第四章 1
ラミルとロザイルは村を出たが、どこへ向かうか決めていなかった。
「ラミル、何も手掛かりが無いのに、どこへ行くつもりなんだい?」
「確かに手掛かりは何も無いけれど、ここに居ても何か手掛かりが見つかる訳でもない、とりあえず他の町や村に行けば何かわかるかもしれない」
「そんな悠長なことを言っていては・・・」
「僕がザハールを出たときは、ただ水の街へ行けということを聞いただけなんだ、そして途中の町や村でいろんなことを見たり聞いたりしてここへたどり着いた。最初は水の街がウルトだと思っていた勘違いもあったけど・・・そうだウルトに行ってみよう、もとはウルトを目指していたんだし、もしかしたら何かあるかもしれない」
「そんなことで大丈夫なのか?」
「他の神器を探すにしても、今は何の手掛かりが無いのだから行ってみるしかない、ところで、ウルトまではここからどのくらいかかるんだ?」
「そうだな、歩きだと10日ほどかかるかな、ウルトへ行く途中にシーバという村があるから、まずはそこに寄ってみようか、でもシチラにかなり近いところを通るから注意が必要だ」
「わかった、シチラに近づくのは注意しなきゃいけないけど、それにしてもシチラの近くは全くと言って良いほど魔物が出ないな」
「そうだね、サザルの東側では魔物が出ると聞いたこともあるし、実際に村人の中には魔物を見て慌てて逃げて帰ってきた者もいるけど、シチラ側にはほとんど出ないね」
「やはりシチラと、ガルディアと魔物、何か関係あるのかな」
ロザイルと会話しているラミルに健人が話しかけた。
(ラミル、僕には魔物が出るとか出ないとか、そんなことよりも気になることがあるんだけど)
(なんだい?)
(ロザイルは魔法とか呪術を使えるのかな?まあそれについては僕たちも剣の力に頼っているのだから使えるとは言えないけど、それよりも魔物と戦ったこと、真剣勝負のようなものとか、実戦経験とかってあるのかな?)
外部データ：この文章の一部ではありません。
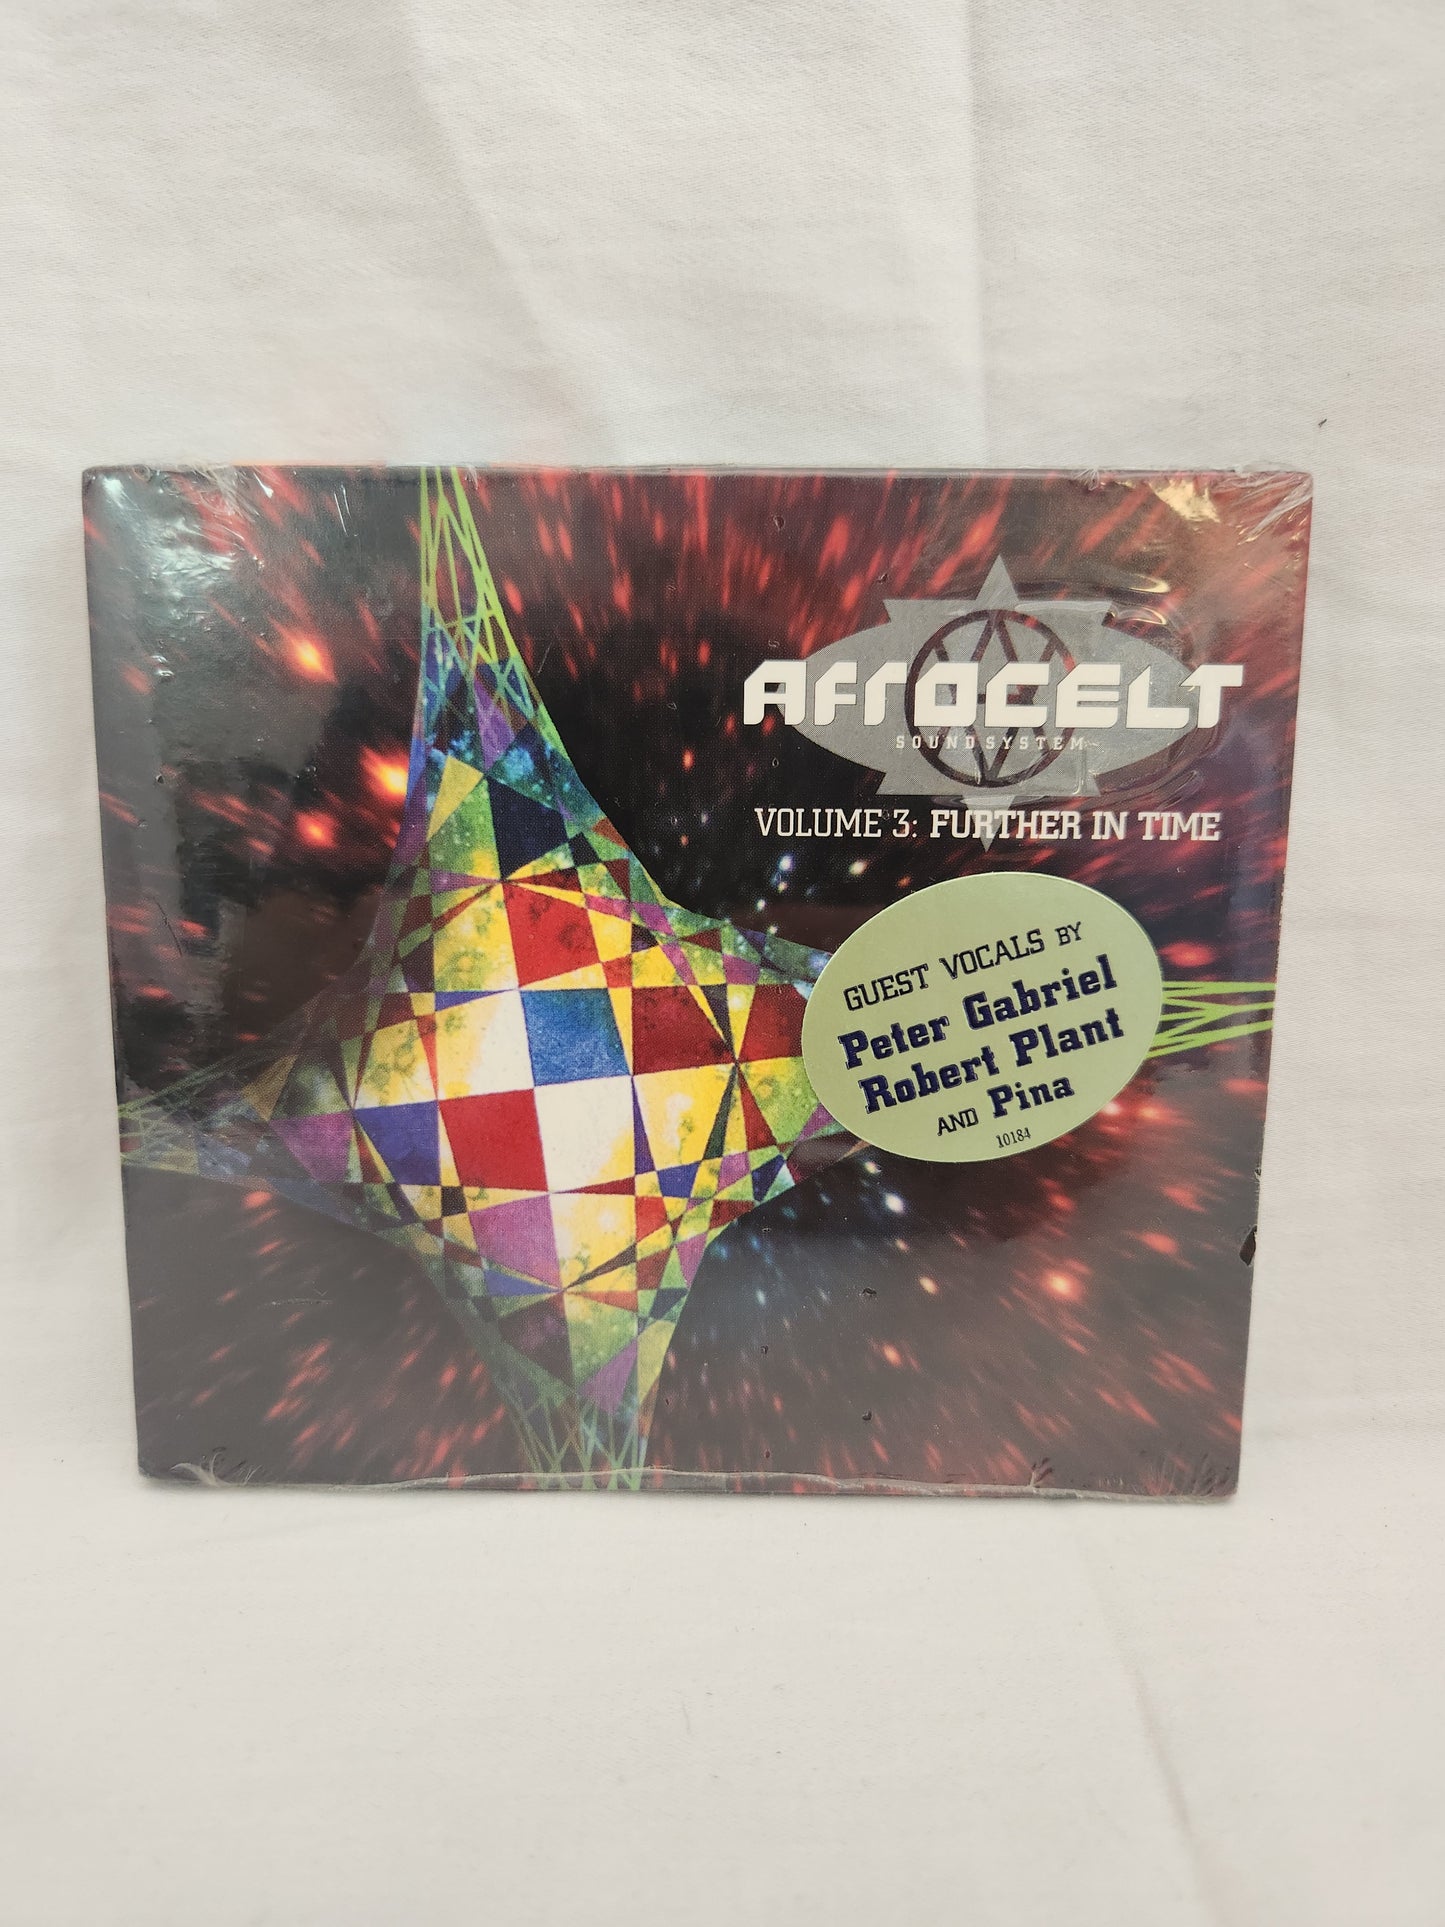 Afro Celt Sound System 2-CD Set (Factory Sealed)

(ムーラの子孫と言っても人だから呪文は使えないかもしれないけど、実戦経験についてはどうだろう?)
(確かにバグロブでは無敵の槍の使い手と言われていたかもしれないけど、初めて会ったときの槍捌きでは魔物を相手にするのはかなり苦戦すると思うよ)
(未熟ってこと?)
(はっきり言ってそう思う、あの時は人間相手だから本気じゃなかった、ということを期待したいぐらいだな、もしあれが実力なら足手まといになる)
(でも、1人ではだめでも、僕たちみたいに2人なら戦えるってことも考えられるだろ)
(僕たちは2人で1人だから互いに援護することを考えなくて良いけど、もし強い相手が複数現れたらロザイルを援護する余裕は無いかもしれない、まあ、そのうち魔物に遭遇すれば実力はわかるとは思うけど)
「ラミル、どうした?急に黙ったりして」
「あ、いや何でもないよ、ところでシーバまではどのくらいあるの?」
「歩きだと3日位はかかるかな、シーバはウズルよりもシチラに近いからシーバに長く居るのも難しいかもしれないけど、シーバの近くも魔物は出ないと思うから野宿になっても良いよね?」
「魔物が出なければ平気だよ、まあ交替で仮眠すればなんとかなるだろう」
2人は魔物に遭遇することはほとんど無かったが、やはりシチラに近づいていくため、シチラの者たちに気付かれないようにすることに細心の注意を払った。